Three different ways to allocate people

by Thomas A. Limoncelli

Today I realize that I've seen three very different ways to allocate people to projects. While each is very different, each project was profoundly helped by the use of the particular method. I thought I'd record them here so I can remember them better.

I can't take credit for these ideas. While I've anonymized these anecdotes, I can assure you that they are examples of people much smart than me.

Anecdote 1. Take a project, give everyone a different piece, and try to get it all done.

This is pretty traditional. It makes sense in the modern division-of-labor society we seem to live in. Everyone worked in parallel and got their piece done.

Anecdote 2. Take a project, break it into milestones, and have everyone work on a milestone as a group until it is done. Then move to the next milestone.

Once I was involved in a major software project. The next release was going to have a lot of new features. After some analysis, someone realized a better way to do the development would be to break the features into three groups based on the part of the system they affected. They would do three releases, one for each group of features. Marketing could just ship the last release or ship intervening releases if it made them happy. The important part is that the entire team was focused on getting each milestone done correctly rather than being scattered about. Everyone could help everyone because they were all focused on the same part of the system. QA could test each milestone better because they knew to do the heavy testing on the part of the system being modified. QA also liked this plan because they could test milestone 1 while milestone 2 was being worked on. Ah parallelism. Also, instead of having to do a lot of testing at the end, they would be doing heavy testing of group 3, and simple retesting of the previously tested parts. This reduced the chance that they would be blamed for delaying the ship date. It opened opportunities for more parallelism in other areas too.

Management bought into the idea and the project was very successful. Interestingly, however, if upper management hadn't bought into the plan it wouldn't have mattered because the developers could have done it under the radar... the only difference is that the customers would only have seen one release.

Anecdote 3. Take your best people and put them on the most difficult problem. When they are done, move them to the next biggest problem. Keep moving them until your biggest problems are quite minor.
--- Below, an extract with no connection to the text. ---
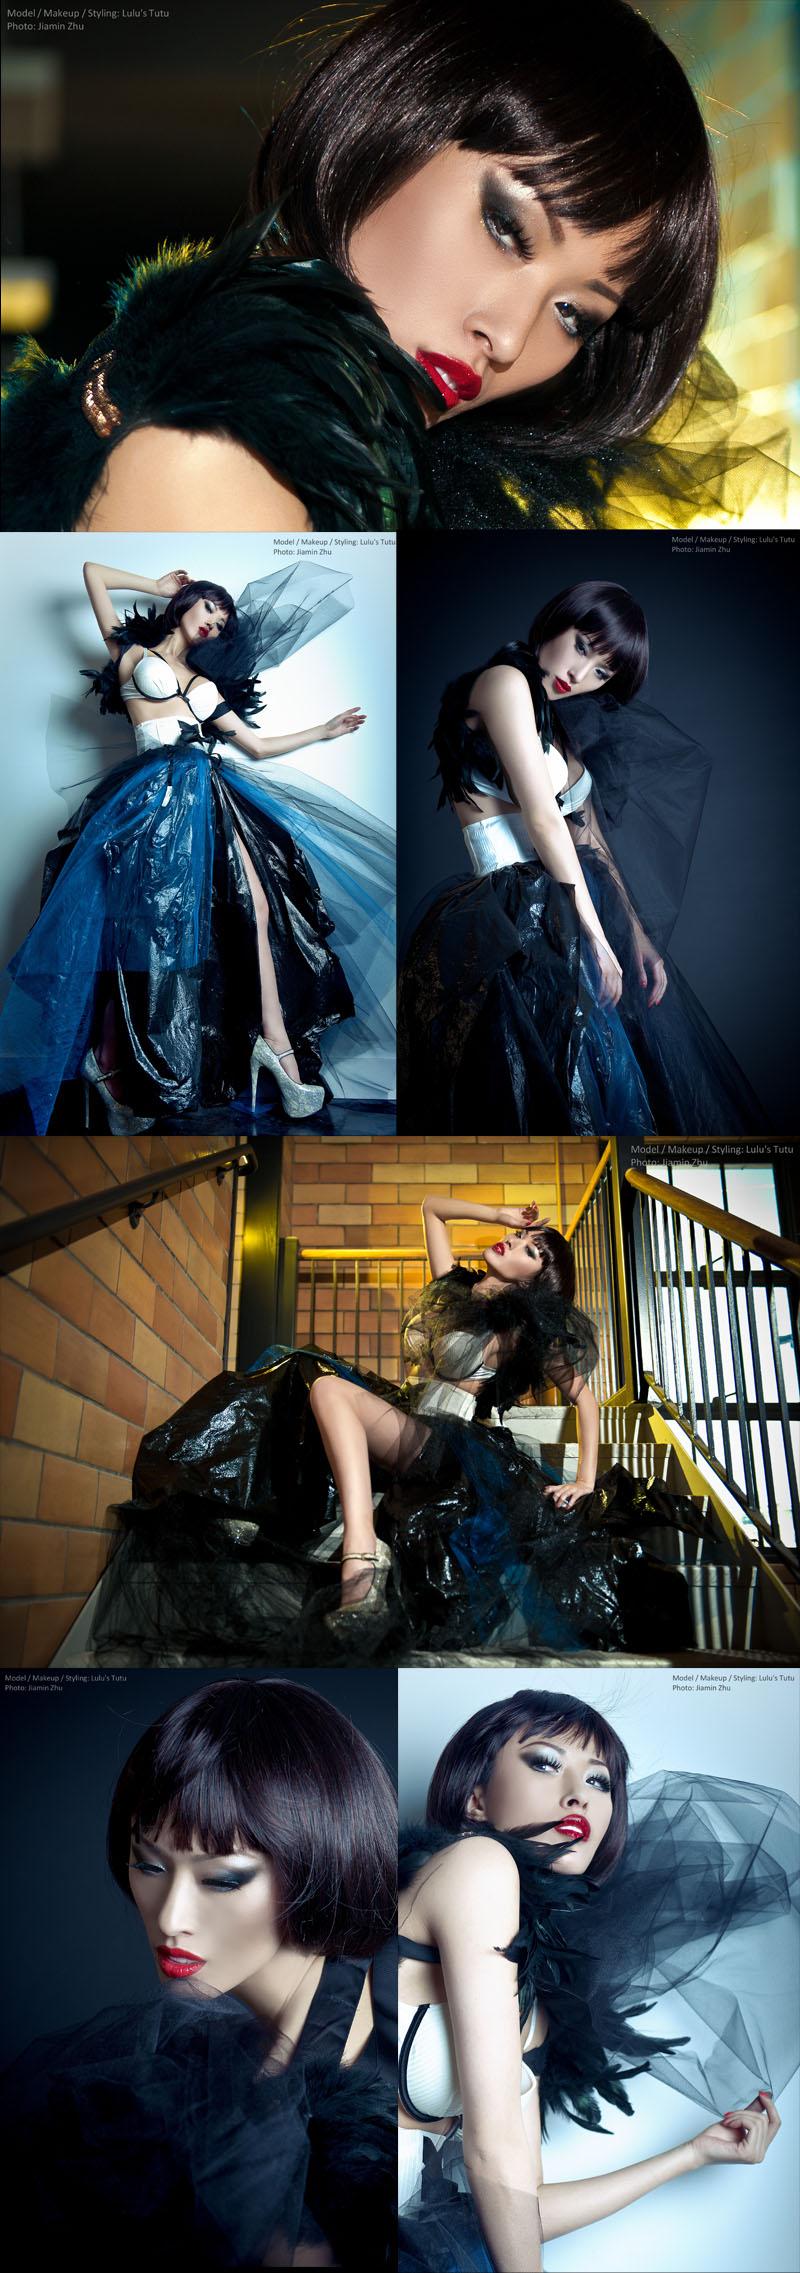 Apr 30, 2012 JaJasGarden Trashy Couture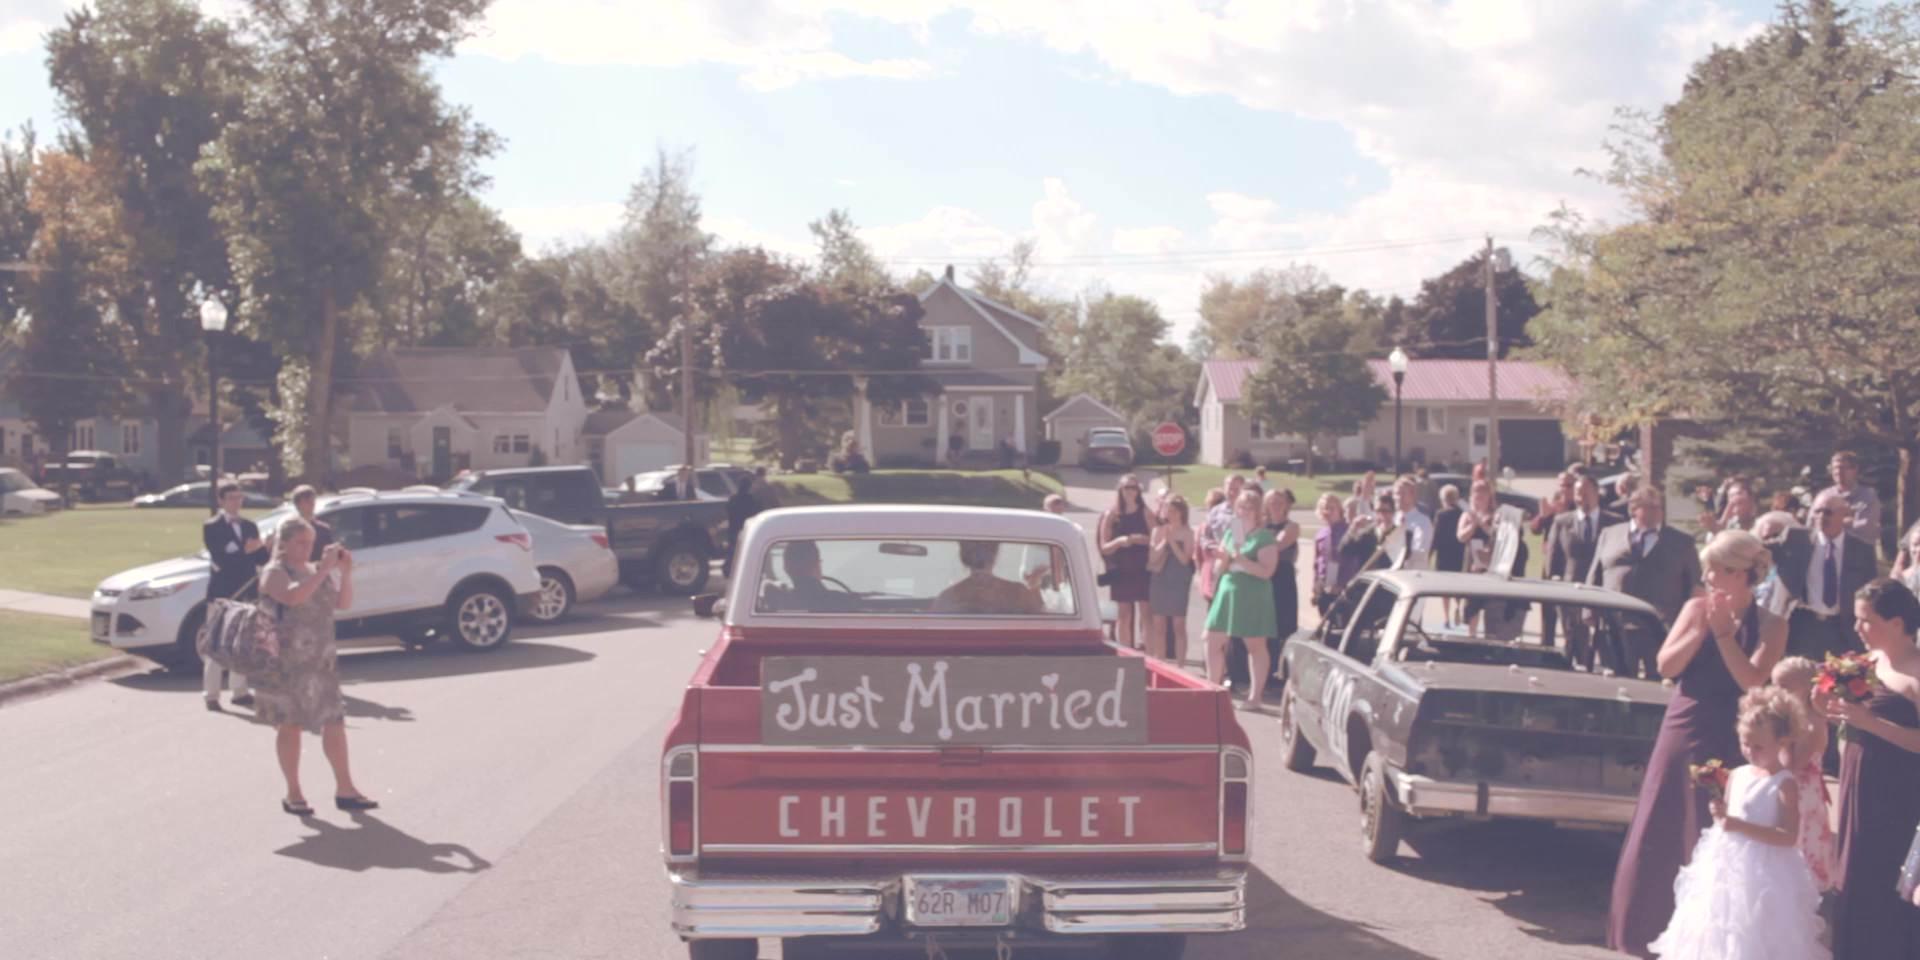 eric&lindsey wedding story.mp4-still00008.jpg

A person was hired to manage an IT team that spanned 3 areas. We'll call them Area A, B and C. The systems and networks in each area were a disaster. Users weren't getting their requests done in a timely manner and outages were frequent. After a month he saw quite clearly that one area was more messed up than all the others. While his predecessor had her office in Area C, it was Area A that needed the most work. Thus, he broke with tradition and moved his office to be in Area A's building. He moved two of his top team members to this building (one was already there, struggling with the chaos) and focused on fixing the problems there. After a while things were stabilized and much improved. Then he moved his office to Area B and took those two top team members with him. They repeated their success in Area B. Finally they were able to move to Area C. By focusing concentrated effort to the places where the biggest impact could be made (rather than doing the easiest segment first), he was able to create the biggest positive change quickly. By bringing the best people on his team to the task, he reduced the risk of failure. By using the same people for all three segments, he was able to have a team that learned and improved as they moved on, getting better each time rather than repeating the same mistakes over and over.

When it comes to allocating people for projects I'm sure there are many other ways to do it. I'd be interested in hearing your thoughts.

Comments? Suggestions? Recipes?


2005-12-06 06:49:26
Playing to strengths vs Forcing growth

When it comes to allocating individual work units to people, I go back and forth between these two methods.

Playing to strengths means assigning issues to people that lie within their comfort zones or are topics they prefer to work in. Bob may be more than competent enough for both the database design and the analog sensor interface, but he prefers to work on DBs, so I give him that part. This assumes, of course, I've got someone else to do the analog stuff.

Bottom line: people are happy when they do things they like - if happiness and job satisfaction are important metrics at your organization, then this is something to consider.

Forcing growth means deliberately assigning tasks to people where they aren't the top dog. This does four things:

  • It makes them uncomfortable, thus encouraging most people to work faster, so they can go back to something they like. You have to watch out for the people who procrastinate when they're uncomfortable: don't stretch them too far, and make sure they're teamed up with someone to help them out.

  • It forces them to learn and to pay attention, rather than letting them go through the motions with the stale and familiar. This does a lot to prevent lazy mistakes.

  • It encourages outside-the-box thinking. Concepts and analogies and thought processes from one discipline can help find new and better ways to do things in another discipline.

  • It forces them to collaborate with each other when they hit sticky problems.

If innovation, professional growth, and team building are important metrics, then use this technique.